« V-Max and Backup? | Main | Do You Know How Much You Backup? »

April 17, 2009

Comments

Feed You can follow this conversation by subscribing to the comment feed for this post.

Joe Matuscak

While I buy the numbers, it's not exactly an apples to apples comparison. TSM isn't doing client side de-dupe, so really, most of this is a "traditional" vs de-dupe difference.

What would be really interesting would be an Avamar to Commvault Simpana 8 comparison. That would pitch Avamar against another client side de-dupe implementation.

Roger

I'm not sure I like this table - it does not make sense to me. Might be a typo? But having pretty much the same backup running three times in a row and not having consistent times seems very weird? Why would one TSM backup run in 17 minutes and the rest of them take more than twice as long?

If all the TSM backups took 40 minutes I wouldn't be as surprised (no fan of TSM, never been, never will be).

But if the time of an incremental backup is filesys traversing + data transfer (as most generic systems work anyway). Then I suspect a flaw in your tests?

As an aside - how large a filesys? How many files are we talking?

And - how long did it take with NetWorker? (Known to be quite fast)

Preston de Guise

I think you may have missed the point in the original post – it looked like the intent was to compare dedupe to non-dedupe in order to demonstrate the time and network bandwidth savings that can be made by using dedupe backup software.

Jim H

Shhhh.
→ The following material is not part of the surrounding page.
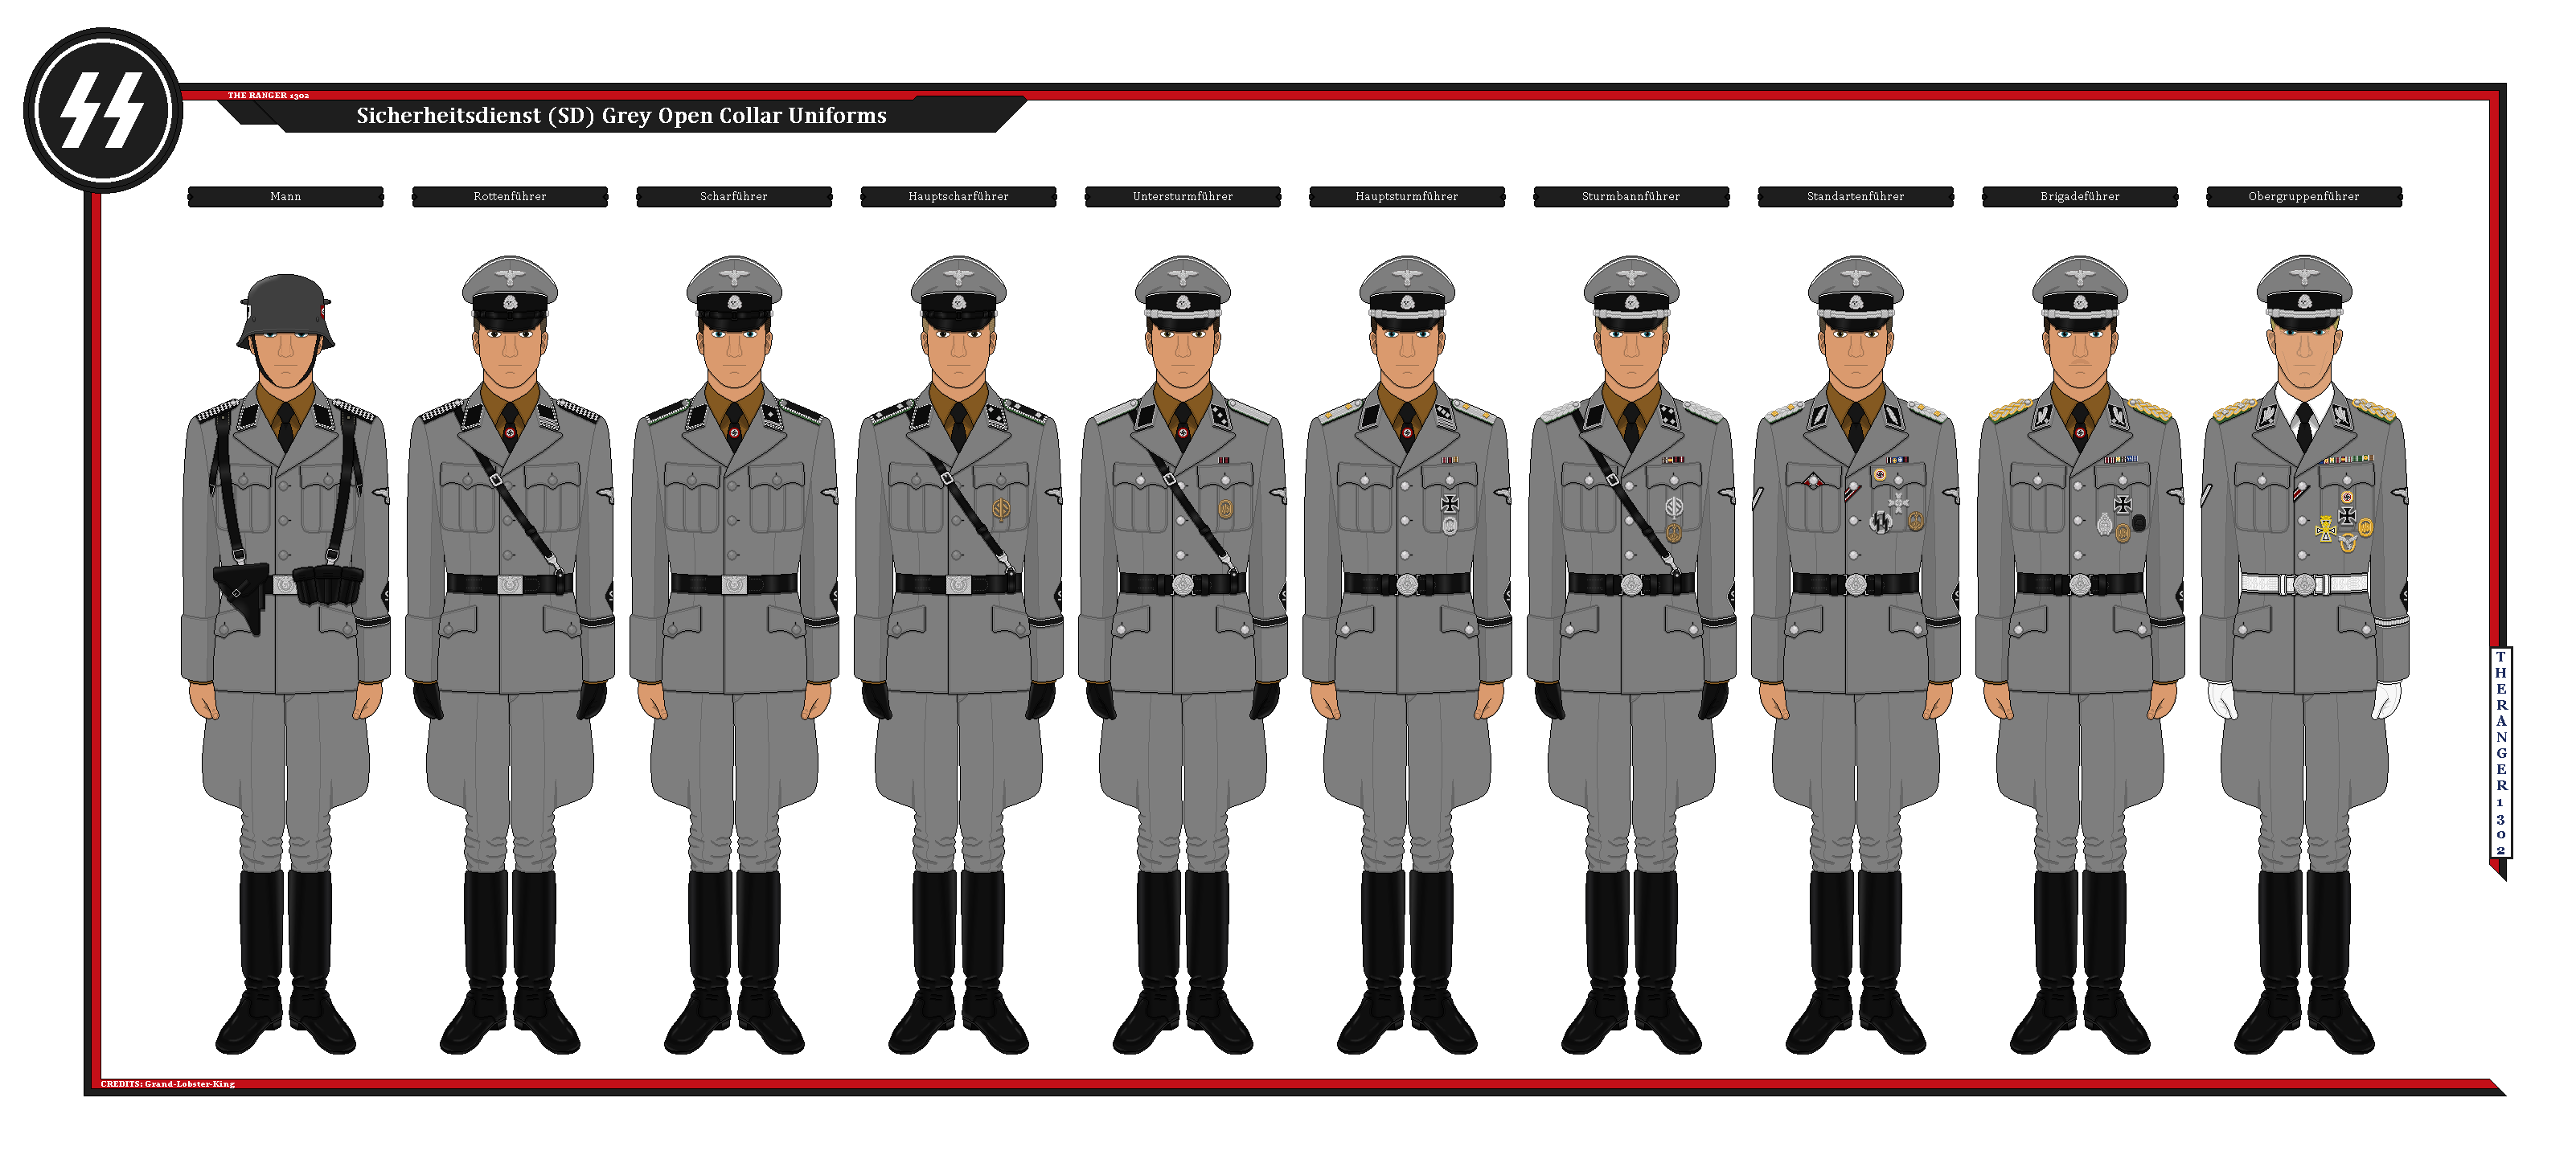 Islas del pacifico también Propuesta alternativa Sicherheitsdienst (SD) Uniforms by TheRanger1302 on DeviantArt

Don't talk about restores. Those aren't important.

Scott Waterhouse

Roger;

3 different backups on 3 different days on a production filesystem. Sorry, don't know # of files or size, but I suspect it is relatively small. If it was in the millions I would expect TSM to take much longer, and Avamar's advantage to be more pronounced.

Jim: on restores, it is ironic that you raise the issue when I am comparing Avamar to TSM. TSM has some of the worst restore times in the industry (unless you are asking for one file from last night's backup which is still in the disk pool). Backups are spread out over multiple tapes, require lots of loads and unloads, and the only way to combat it is with co-location and aggressive reclamation (which end up requiring lots of tape drives). All in all TSM probably has the worst restore times of any major backup product.

And still no file level restore from a VCB? And still no coherent 3 tier architecture? ;)

I have seen no evidence (and I have looked) that Avamar has an issue with restore relative to other backup products.

NK

Wow.. Scott on that last post you are very wrong.

TSM does not have the worst restore time in the industry.. although it can when it's poorly configured. TSM's biggest problem is it's complexity.

Actually having files spread across lots of tapes can be a very good thing if you have a Disk/VTL as the target pool, the loads and unloads are negligible and reclamation runs very quickly. On restores you get lots of recovery threads that all work in parallel that actually make it very very fast.

File level recovery from VCB? Yes, it's had that for a while too. Does Avamar have a 3 tier architecture? ;-)

Scott Waterhouse

NK;

Good points on VTL vs. tape. I maintain that if you are using tape, then TSM has some of the worst restore times of any backup product. TSM holds the record for the longest restore time I have ever heard of: 5 weeks.

If you are using VTL or a lot of disk, then TSM tends to work better. But despite the passion and fervour I have for VTL, and that any TSM admin has who has actually used it, I think about 50% or more of TSM users are still using tape, primarily.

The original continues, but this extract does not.